== Exercise description ==
Reproduce only the lines that begin at the line with "Tiramisu Solid 14k" and run to the end of the entries; omit every picture.

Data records
◇ ◇ ◇ ◇ ◇

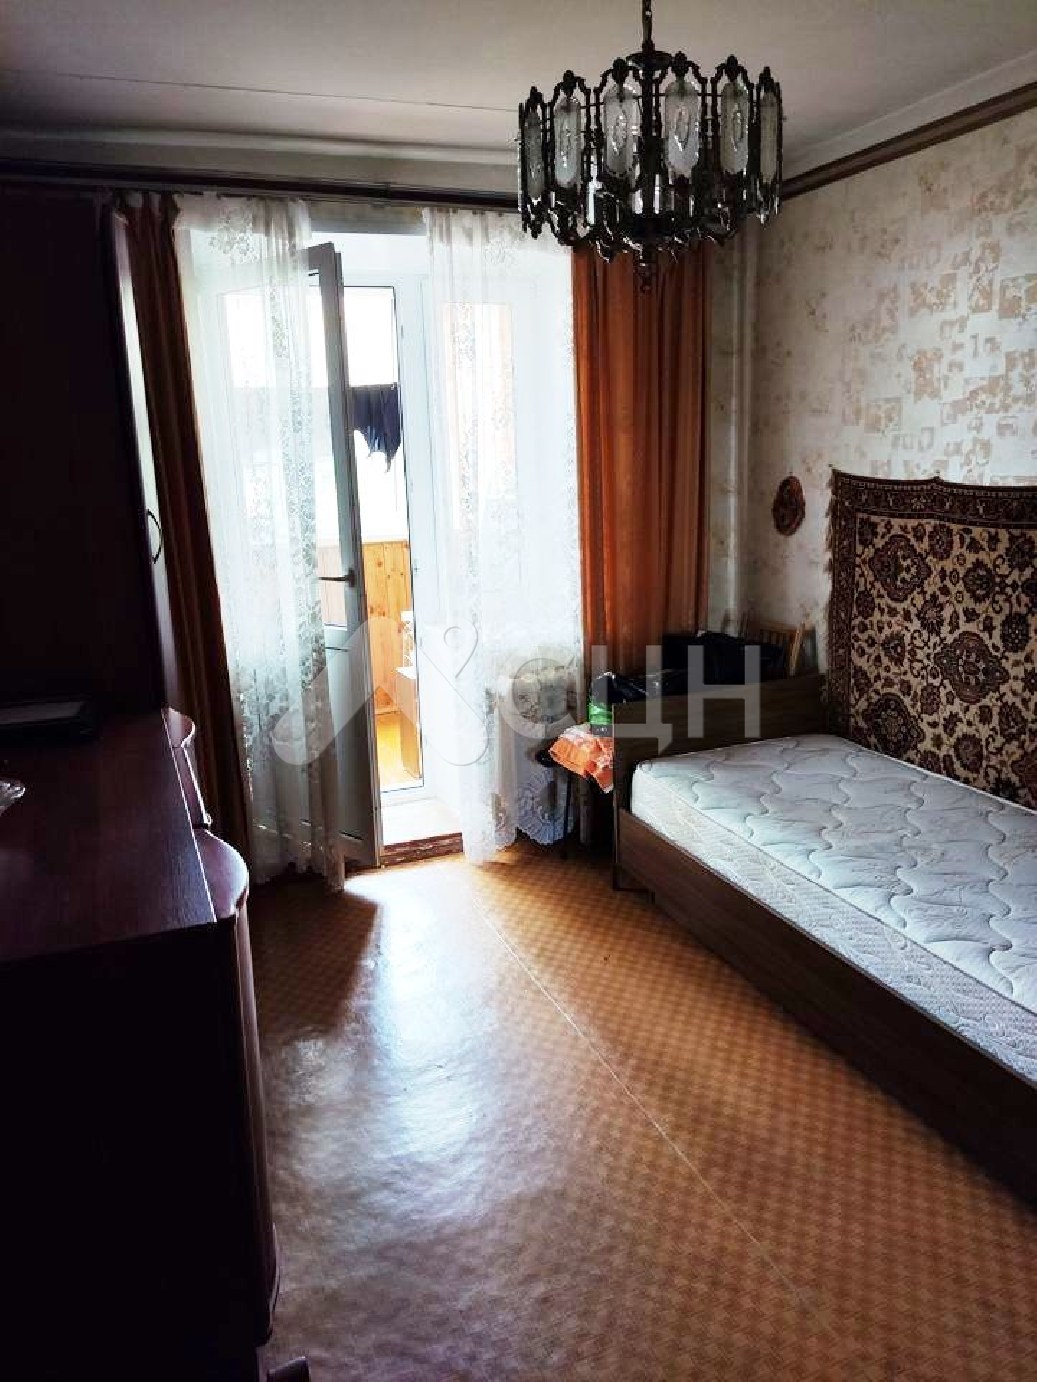 авито саров квартиры
: Г. Саров, улица Некрасова, 11, 3-комн квартира, этаж 2 из 9, продажа.
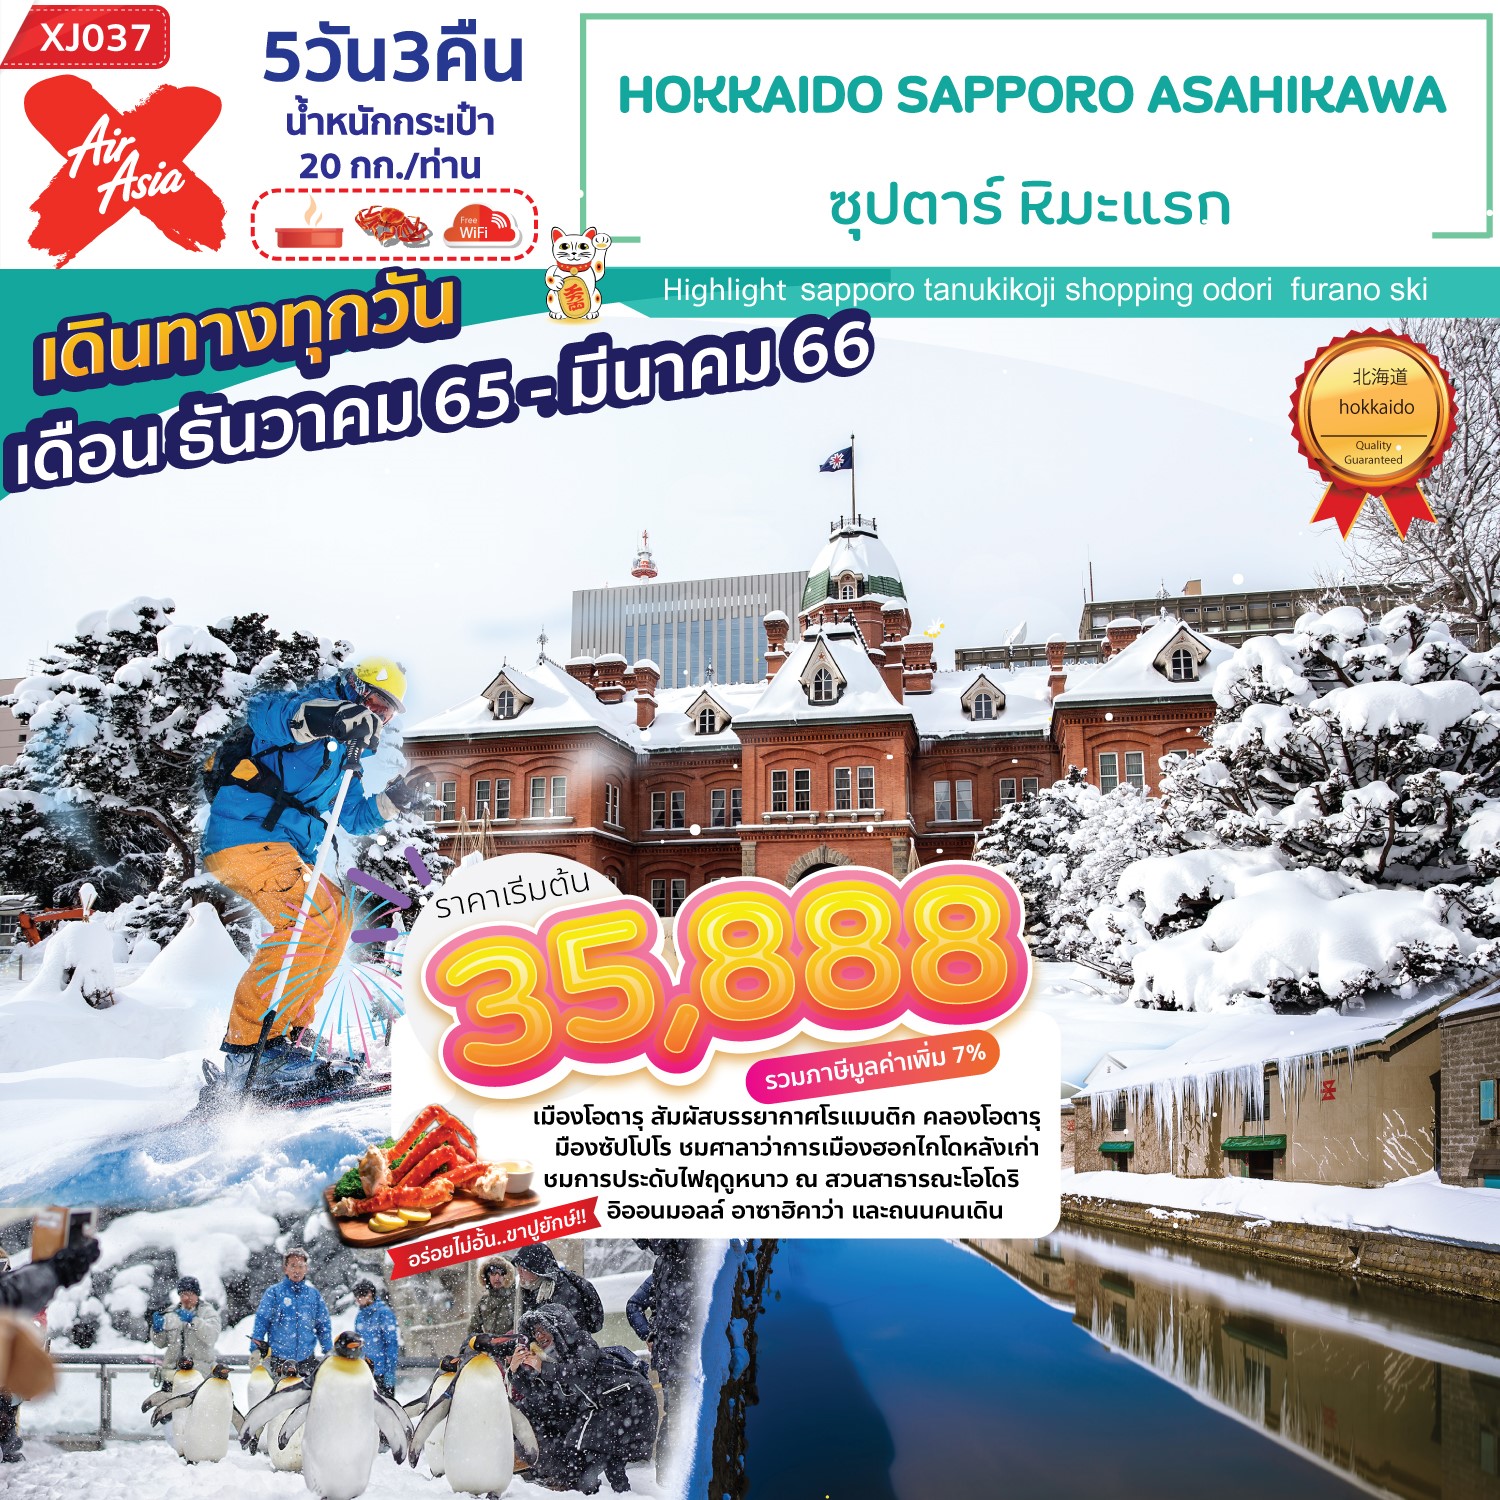 XJ037 - HOKKAIDO SAPPORO ASAHIKAWA 5D3N ซุปตาร์ หิมะแรก
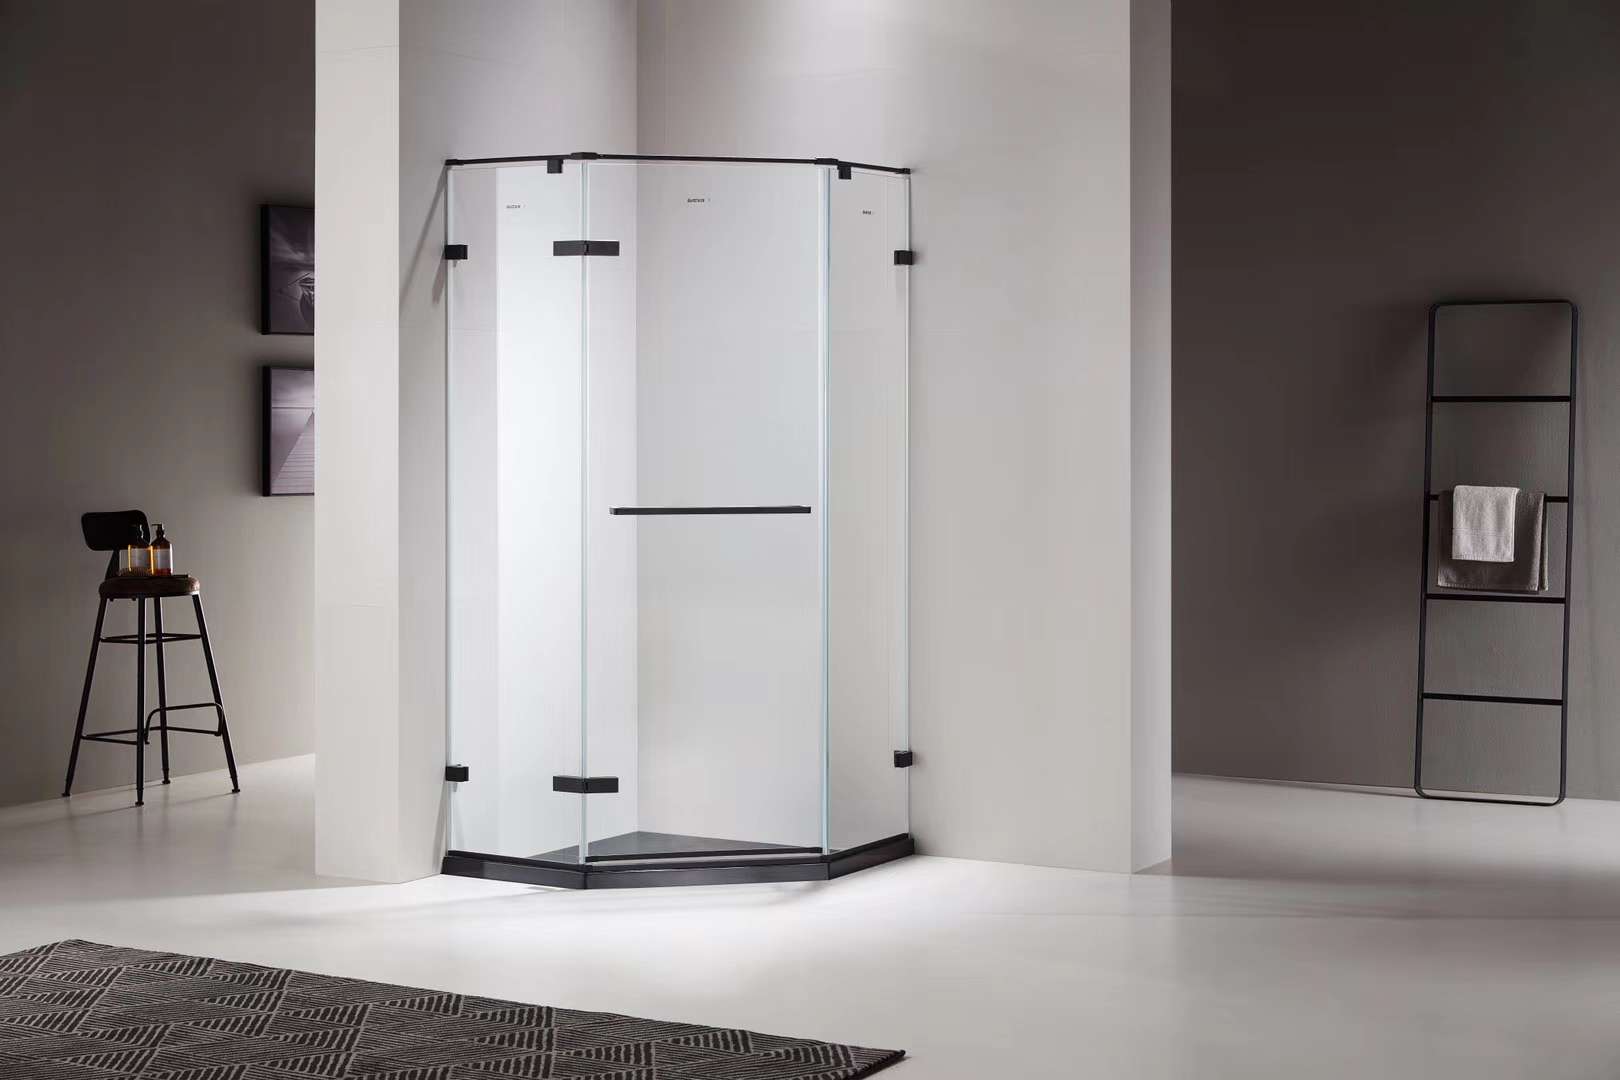 贝特超白水晶玻淋浴房06系列雅黑热销款价格实惠一体化设计
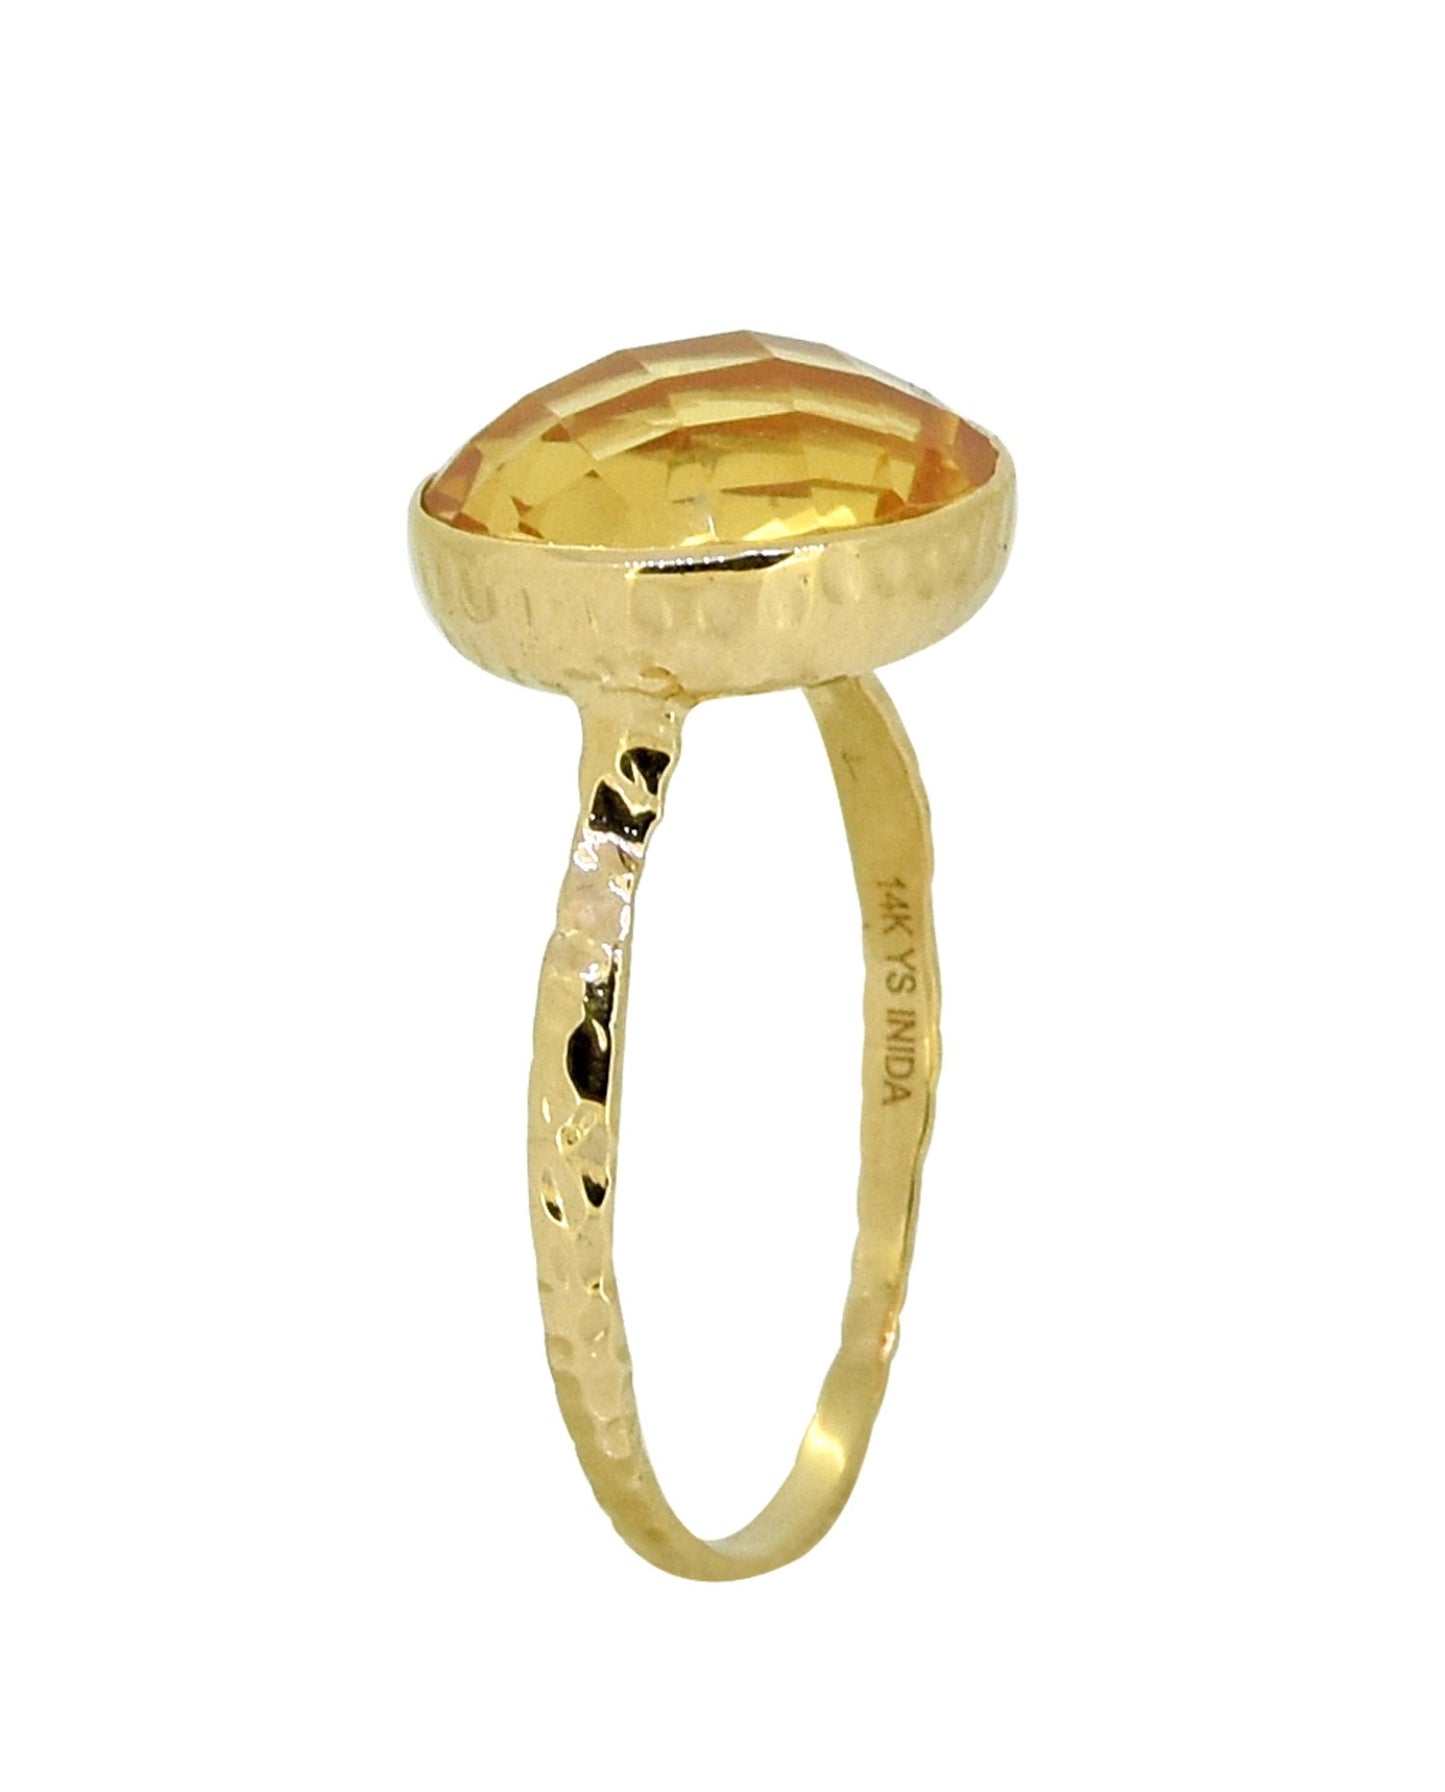 Tiramisu Solid 14k Yellow Gold Citrine Ring (5.60 ct)
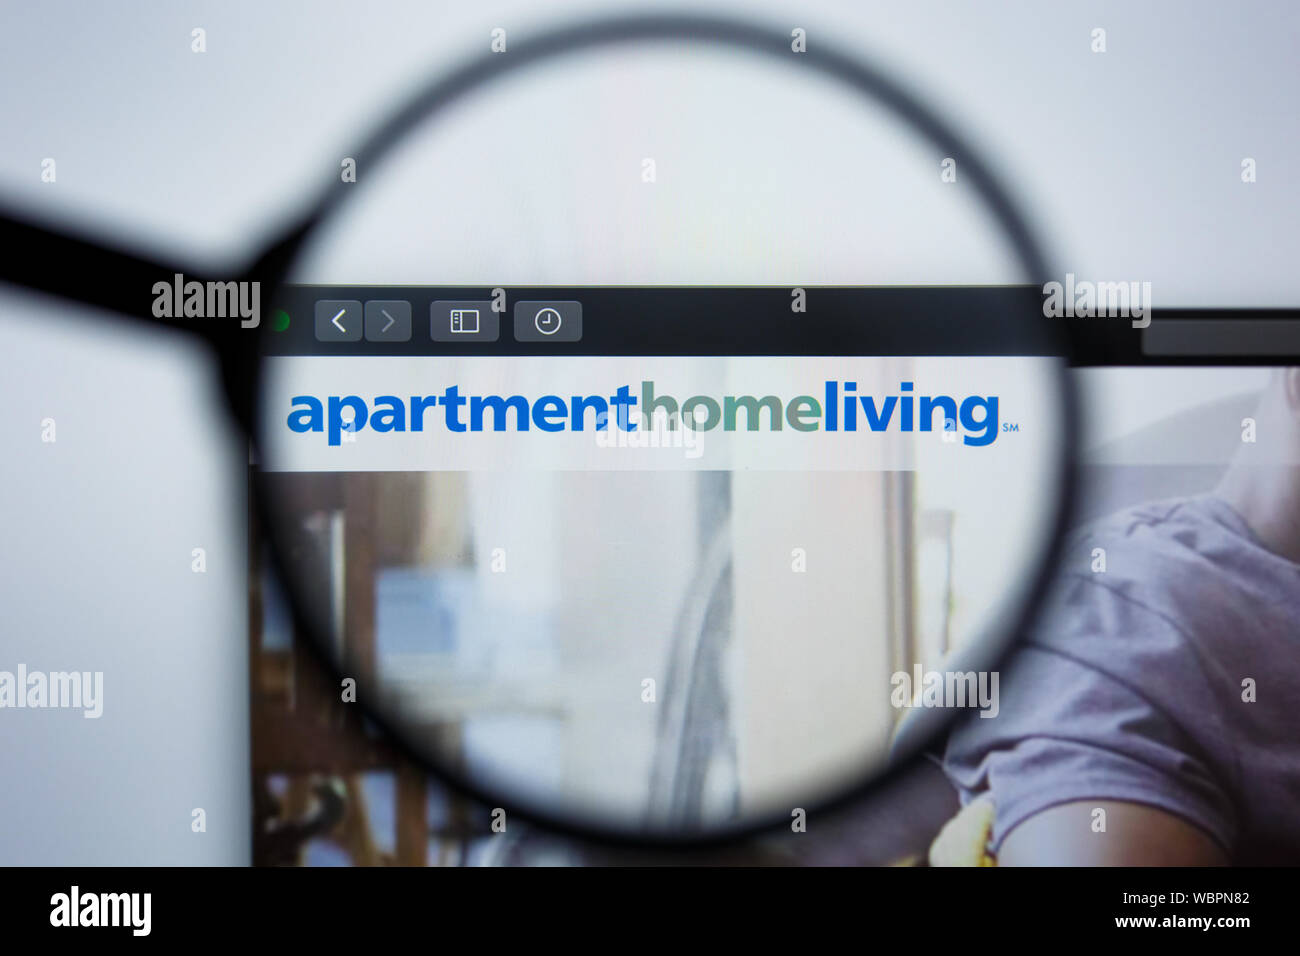 Los Angeles, Kalifornien, USA - 21. Jule2019: Illustrative Editorial von apartmenthomeliving Website Homepage. Apartment Home living Logo sichtbar auf dem Anzeigebildschirm angezeigt. Stockfoto

◇ ◇ ◇ ◇ ◇

== Response below ==
 Tiramisu Solid 14k Yellow Gold Citrine Ring (5.60 ct)
 Los Angeles, Kalifornien, USA - 21. Jule2019: Illustrative Editorial von apartmenthomeliving Website Homepage. Apartment Home living Logo sichtbar auf dem Anzeigebildschirm angezeigt. Stockfoto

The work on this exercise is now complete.